An atomistic insight into reactions and free-energy profiles of NH3 and Ga on GaN surfaces during the epitaxial growth

Precursor molecules (NH3 and Ga compounds) along with carrier gas (H-2 or N-2) used to grow GaN structures bring a large amount of hydrogen atoms which affect the growing mechanism of GaN. This has a non-negligible effect of the chemistry and diffusivity of precursors and dissociation products. To encompass the experimentally difficulty in of unraveling such a complicated reaction mechanism, we resort to first principles molecular dynamics modeling, providing an atomistic insight into two major issues. The first one is the evolution of H atoms after the adsorption and dissociation of NH3 on the growing GaN surface.

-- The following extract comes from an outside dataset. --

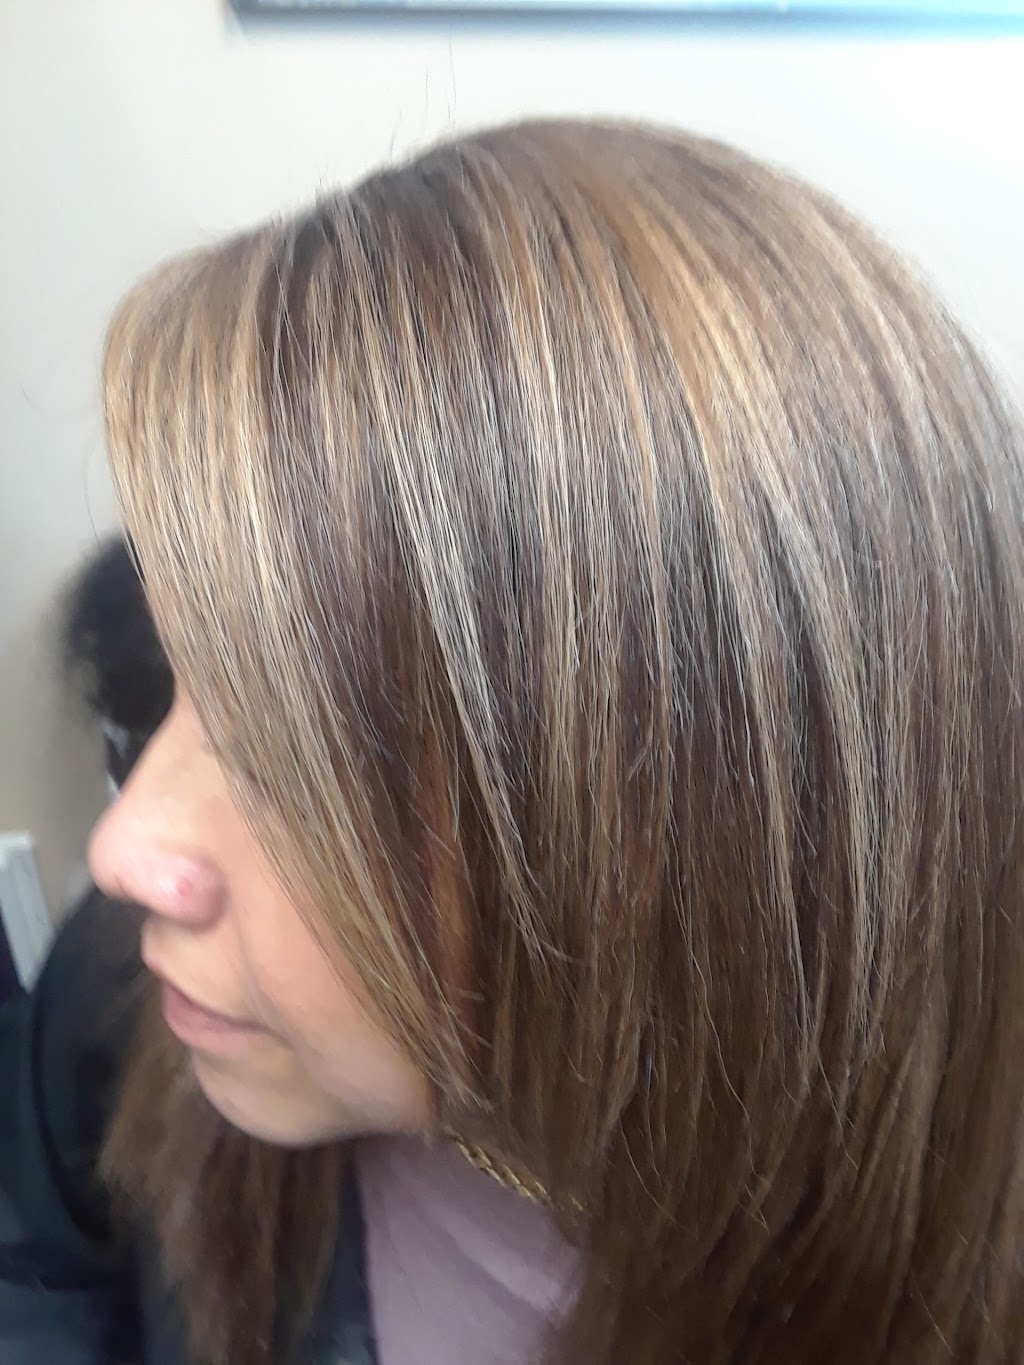 Sophisticated Finish Hair Salon | Salons By JC, 876 Sunrise Hwy Suite 11, Bay Shore, NY 11706 | Phone: (631) 561-9861

The second issue is to shed light on the role of passivating hydrogen at growth conditions for a typical GaN Ga-rich (0001) surface. In the first case, reaction pathways alternative to the product of molecular hydrogen (H-2) can be realized, depending on the initial conditions and morphology of the surface, resulting in an adsorption of H atoms, thus contributing to its hydrogenation. In the second one, instead, we show how the presence of passivating H atoms at the surface, corresponding to a relatively high degree of hydrogenation, contribute to limit the diffusivity of Ga adatoms at the typical growth temperatures.